Toen president Chandrikapersad Santokhi in 2020 aantrad, was er veel hoop. Vooral onder jongeren leefde de verwachting, dat zijn beloften tot tastbare vooruitgang zouden leiden. Beloftes van gronduitgifte, kansen voor jongeren, kinderopvang, transparantie en de verdeling van toekomstige oliegelden, wekten enthousiasme. Nu, bijna vijf jaar later, overheerst teleurstelling. Veel van wat beloofd werd, blijkt niet meer dan verkiezingsretoriek. Een van de meest gehoorde klachten uit de samenleving is dat jongeren, die ooit uitzicht kregen op een stuk grond, bij het bereiken van de volwassen leeftijd, nu slechts een financiële tegemoetkoming van SRD 800 krijgen. Deze eenmalige uitkering voelt voor velen aan als een doekje voor het bloeden, in plaats van structureel beleid gericht op zelfstandigheid en toekomstperspectief.
Ook de beloofde hervormingen op het gebied van kinderopvang laten op zich wachten. Waar jonge ouders rekenden op betere ondersteuning, blijven crèches en opvangcentra ondergefinancierd en be-perkt toegankelijk. Het contrast tussen beloften en realiteit wordt met de dag duidelijker. De kloof tussen wat werd gezegd en wat is gerealiseerd, tast het vertrouwen van burgers in hun leiders aan.

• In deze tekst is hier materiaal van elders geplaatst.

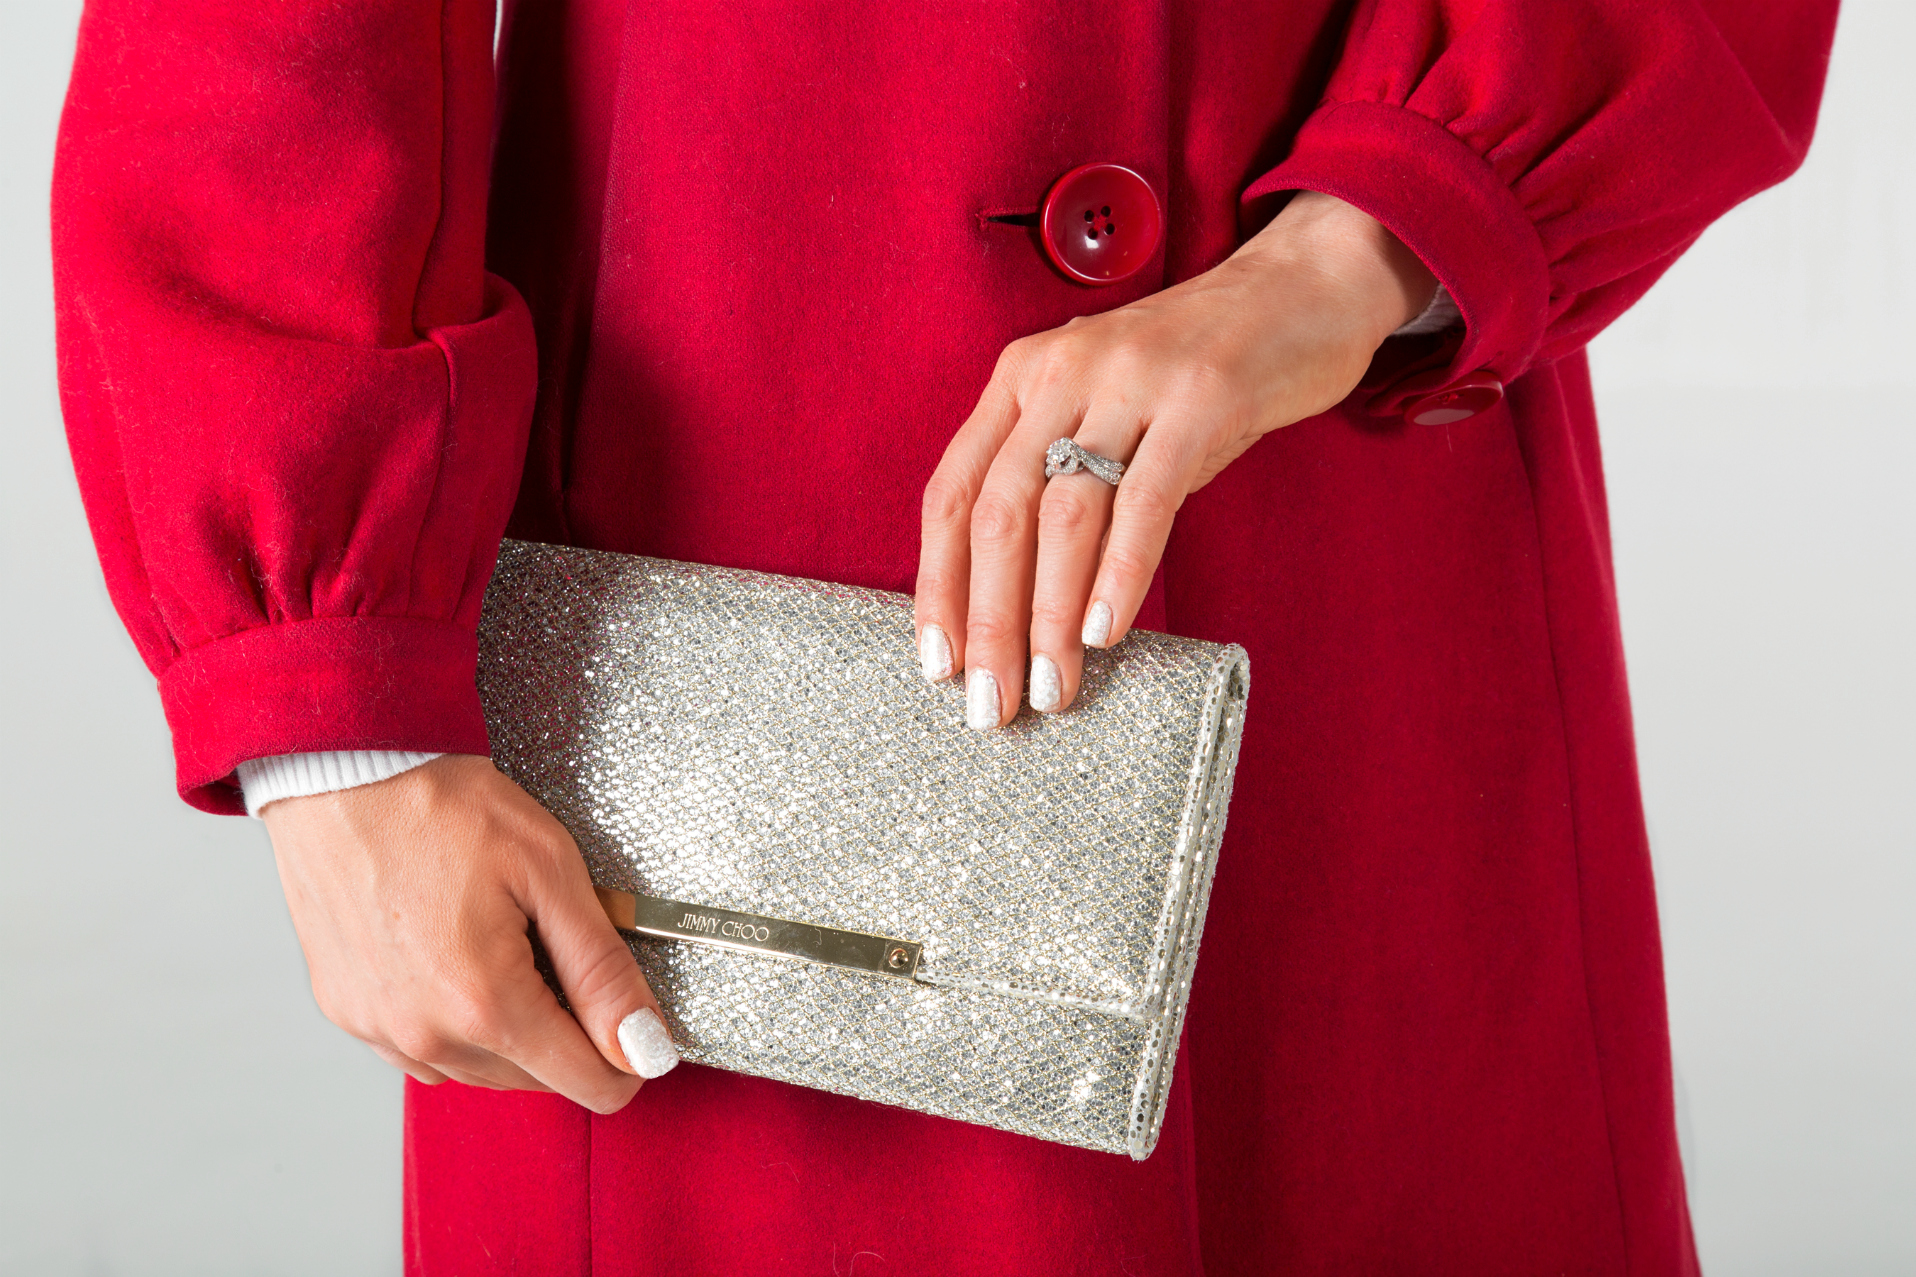 Jimmy Choo champagne glitter Marilyn clutch

Daarenboven klinkt steeds vaker de kritiek op het gevoerde benoemingenbeleid. Terwijl het volk wordt gevraagd offers te brengen, lijken topfuncties steeds vaker te belanden bij mensen uit de directe kring van machthebbers. Het beeld hier is dat vriendjespolitiek de boventoon voert, terwijl het volk moet toezien, hoe beloften over transparantie verdampen.
De recente uitspraken over de oliesector versterken dit wantrouwen. De mededeling dat elk huishouden straks honderden Amerikaanse dollars op zijn rekening krijgt, wordt niet al te serieus genomen. Het volk vindt dat eerdere beloftes niet zijn waargemaakt, waarom zouden we dan geloven in deze nieuwe ‘droom’? Het probleem zit dieper dan slechts loze woorden. Wat ontbreekt, is een duidelijk langetermijnplan, gedragen door daadkrachtig bestuur. Beloftes zonder planning, zijn niet alleen zinloos, ze ondermijnen het vertrouwen in de democratie. Een overheid die structurele problemen niet durft aanpakken en zich richt op symbolische gestes, faalt in haar taak.
In plaats van te investeren in duurzame jeugdontwikkeling, onderwijsinfrastructuur en eerlijke economische kansen, lijkt het beleid gericht op het scoren van korte termijn punten.
Maar jongeren zijn niet naïef, ze zien wat er gebeurt. Zij weten wat beloofd werd en wat daarvan terecht is gekomen. Het is tijd dat er verantwoording wordt afgelegd. Tijd dat leiders erkennen dat woorden gevolgen hebben. Beloftes maken politiek geloofwaardig, maar alleen als ze worden nagekomen. Anders worden ze gewoon gezien als ruis. En ruis brengt geen ontwikkeling.